12.4 Valve Area (AVA)

The aortic valve area (AVA) measurement is performed using the continuity equation. Fortunately, you don’t need to enter the continuity equation yourself, but the echocardiography device calculates and reports it immediately when the following three parameters have been measured structurally (i.e., when measuring parameters that open from behind the Calc button):

Diameter of the left ventricular outflow tract (LVOT) (Figure 12.2)
Blood flow velocity across the aortic valve (Figure 12.3)
Blood flow velocity in the outflow tract (Figure 12.4)

The continuity equation is something that can be understood with common sense. We can measure key parameters related to blood flow at the LVOT, and at the same time we know that blood cannot disappear into any wormhole after the LVOT but must go through the aortic valve.

Thus 1) the diameter (and simultaneously the area) measured from the LVOT and 2) the amount of blood flow help calculate the aortic valve area, once we know 3) the blood flow also at the aortic valve. These measurements are presented in the following.

12.4.1 LVOT Diameter

First of all, the LVOT diameter must be measured, from which the echocardiography device then automatically determines the LVOT area as well. LVOT measurement is made structurally from 2D images (Figure 12.2).

Note. Don’t use the Caliper button for LVOT measurement, because then the echocardiography device doesn’t know what structure you measured.

Figure 12.2: Measurement of the left ventricular outflow tract (LVOT) diameter.

12.4.2 CW Measurement Across the Aortic Valve

After this, continuous wave Doppler (CW) measurement is made across the aortic valve. Just maximum velocity measurement would work for the continuity equation, but it’s conventional to draw the entire envelope curve from the continuous wave Doppler signal across the aortic valve. By doing this, in addition to the maximum gradient, you also get the mean gradient across the aortic valve as a side benefit, and both are usually documented in the echocardiographic report (Figure 12.3).

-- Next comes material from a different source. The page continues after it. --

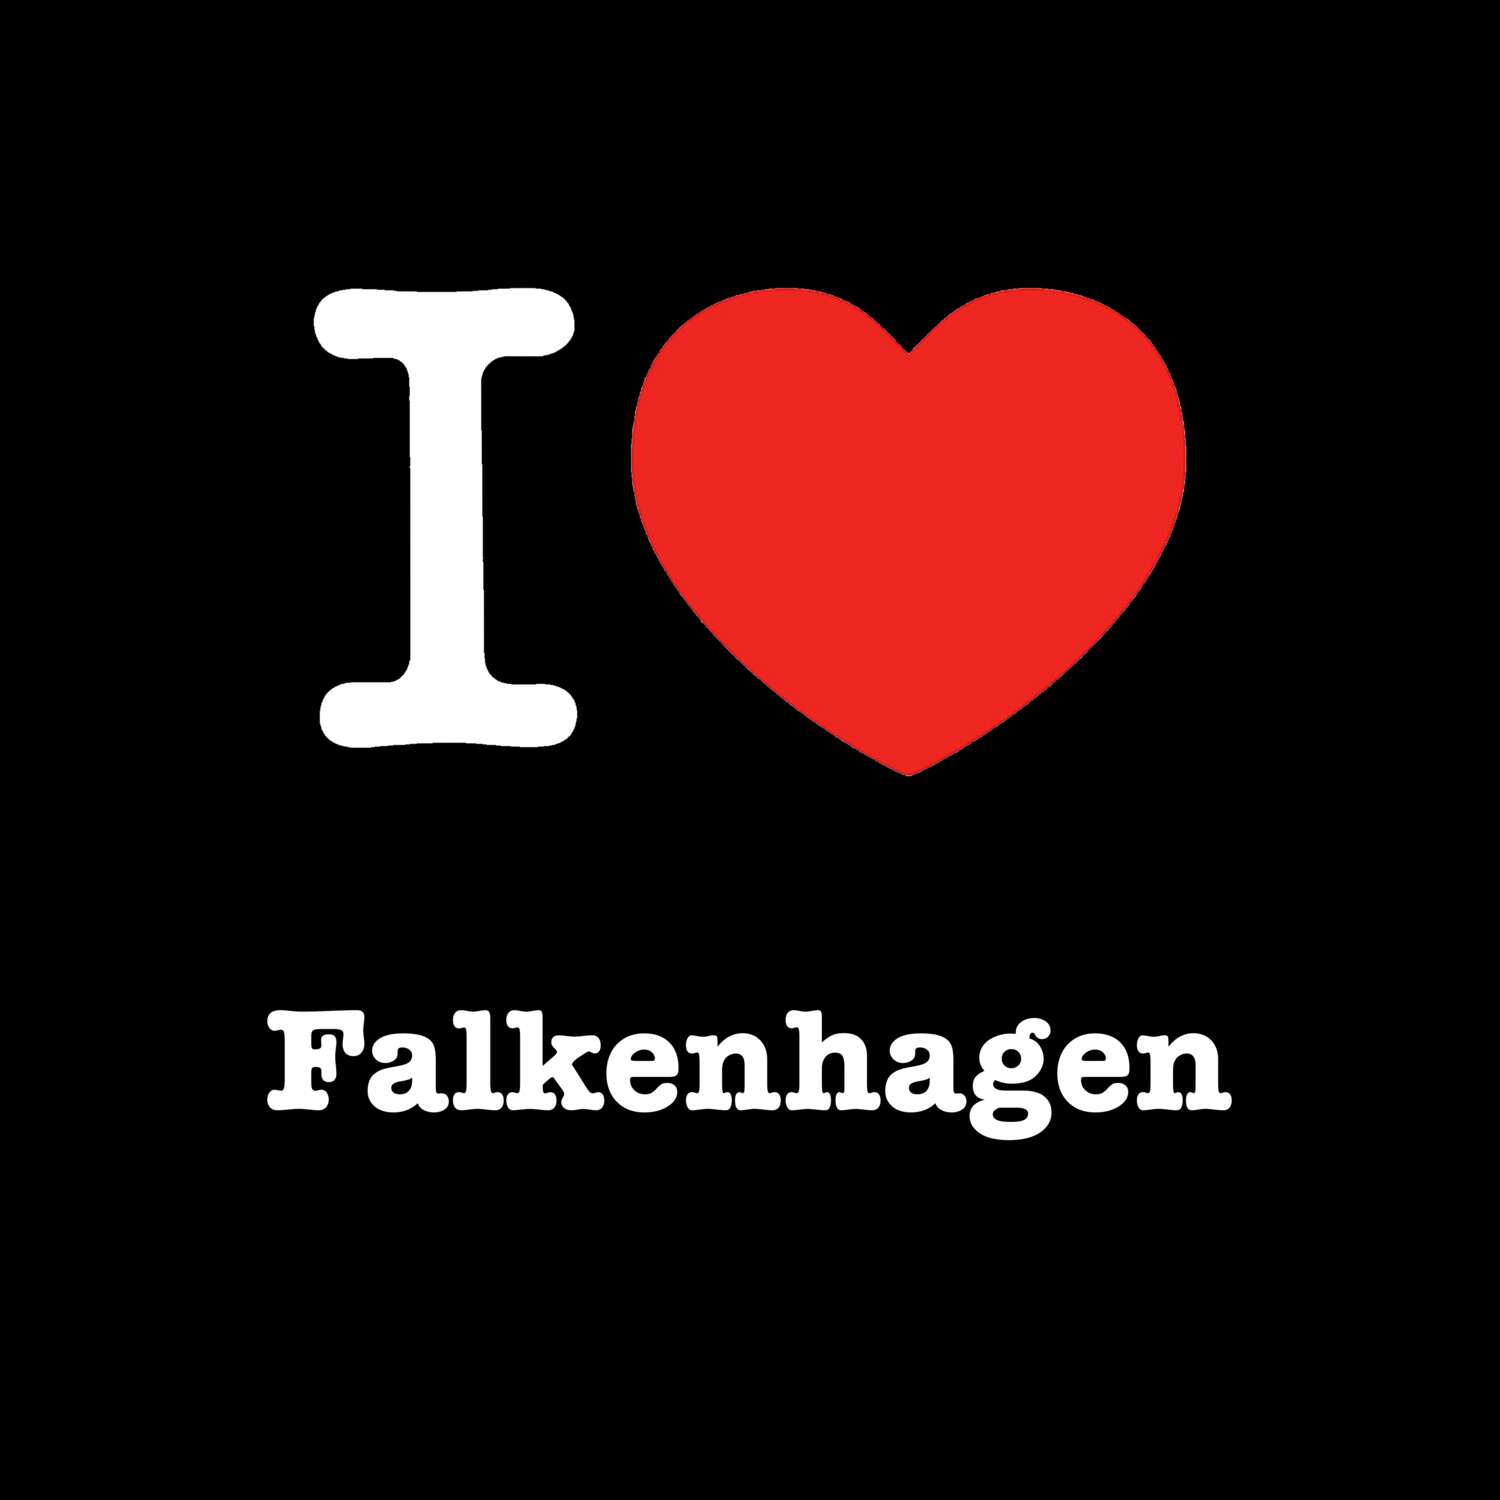 Falkenhagen T-Shirt »I love«

Figure 12.3: Measurement of the left ventricular outflow tract (LVOT) diameter.

12.4.3 PW Measurement from LVOT

Finally, the flow velocity is measured with pulsed-wave Doppler (PW) from the left ventricular outflow tract (LVOT). Here too, just maximum velocity measurement would work for the continuity equation, but it’s conventional to draw the entire envelope curve from the pulsed-wave Doppler signal. At the same time, in addition to the AVA, you also find out the left ventricular stroke volume (SV) as a side benefit, and it too can be documented in the echocardiographic report. The echocardiography device reports the AVA and SV immediately when the LVOT diameter, flow velocity from the aortic valve, and flow velocity from the LVOT have been measured (Figure 12.4).

Figure 12.4: Measurement of the left ventricular outflow tract (LVOT) diameter.

If the echocardiography device doesn’t report stroke volume and AVA, you did something wrong. Redo all the measurements mentioned in section 12.4 calmly, remembering all the time to avoid the Caliper button especially in these measurements.